> [Information supplied]:
- - - -

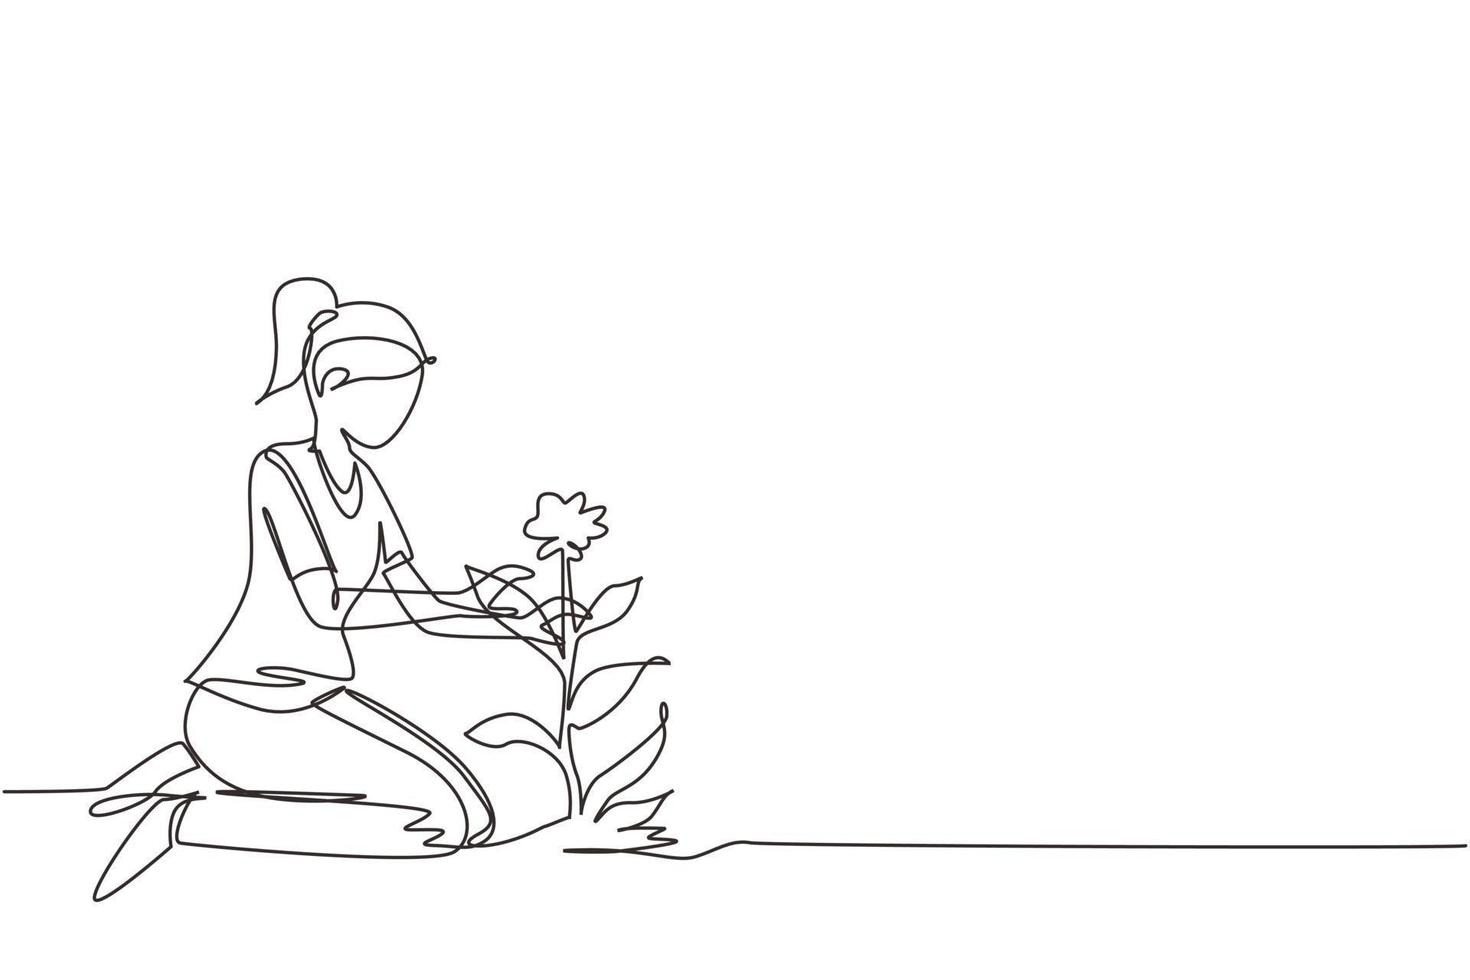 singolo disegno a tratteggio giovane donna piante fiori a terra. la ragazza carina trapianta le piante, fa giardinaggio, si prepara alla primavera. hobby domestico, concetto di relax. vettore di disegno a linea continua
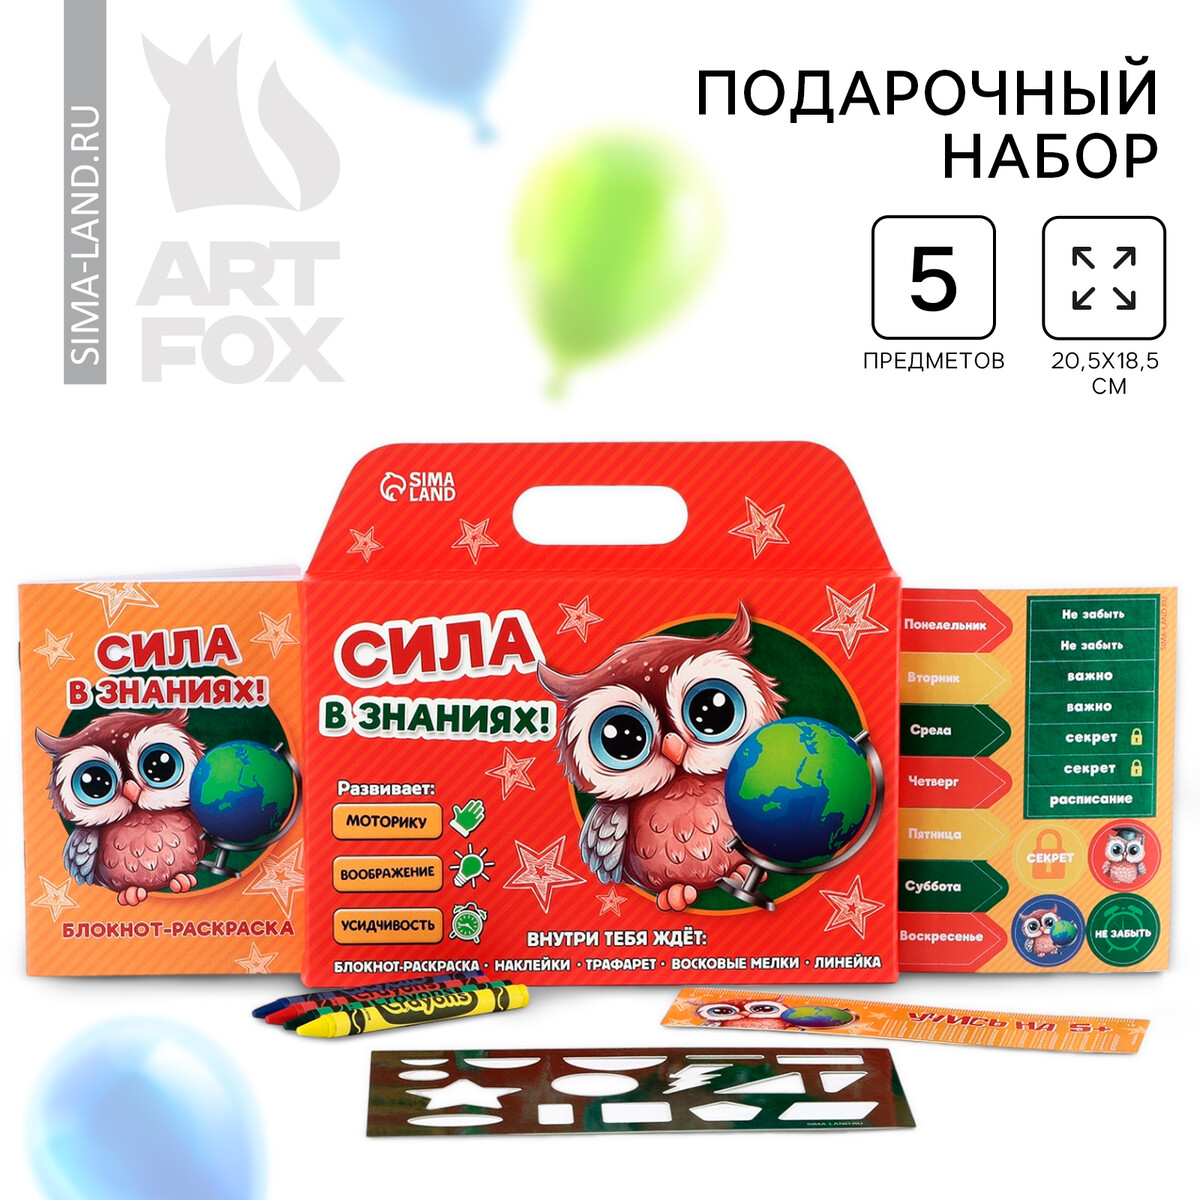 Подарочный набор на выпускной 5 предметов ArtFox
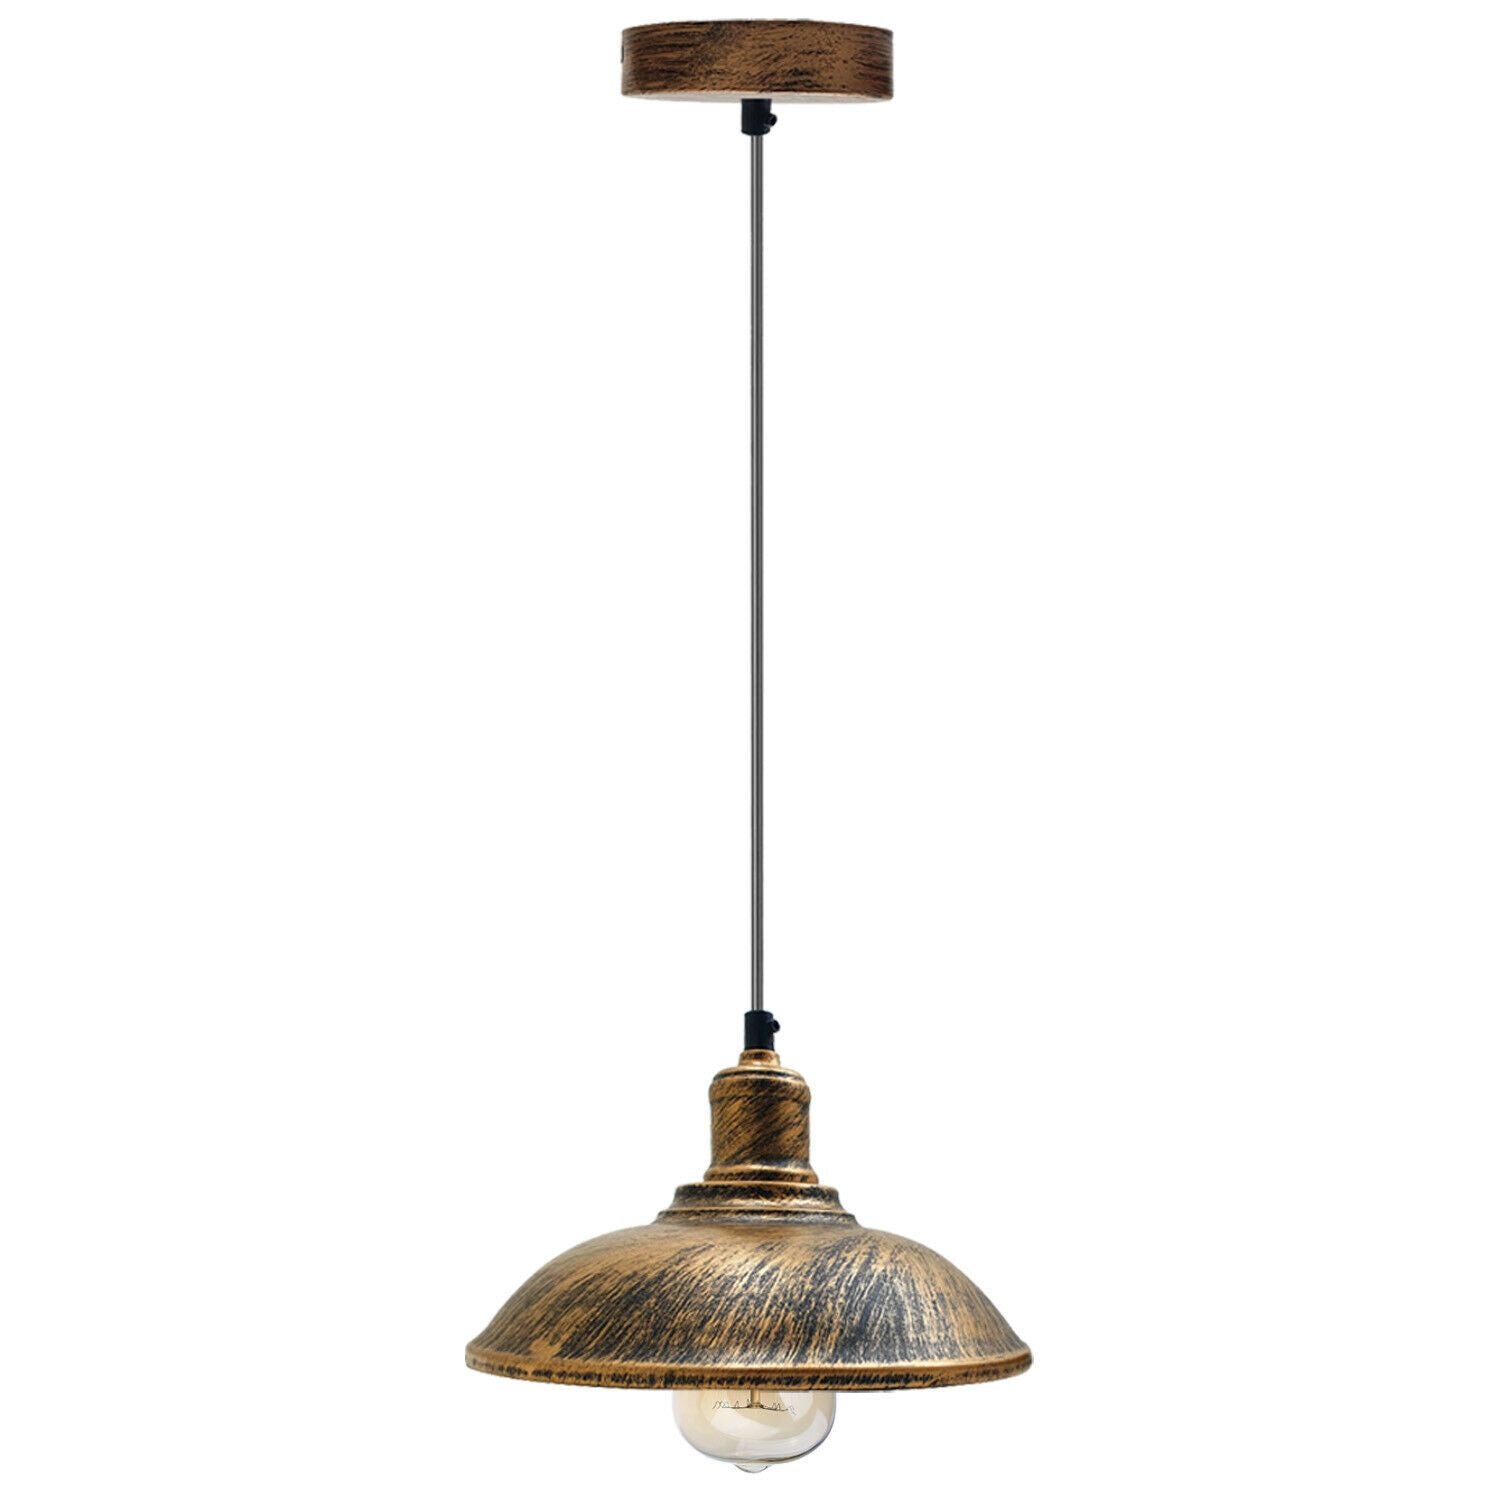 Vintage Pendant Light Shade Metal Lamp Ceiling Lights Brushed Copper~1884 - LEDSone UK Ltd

- - - -

> [Task requirements]: Beginning with the line where "Подарочный набор на" appears, restate word for word every line down to the last one in the data, but keep the pictures out.

> [Solution to this task]:
 Подарочный набор на выпускной 5 предметов ArtFox
 Vintage Pendant Light Shade Metal Lamp Ceiling Lights Brushed Copper~1884 - LEDSone UK Ltd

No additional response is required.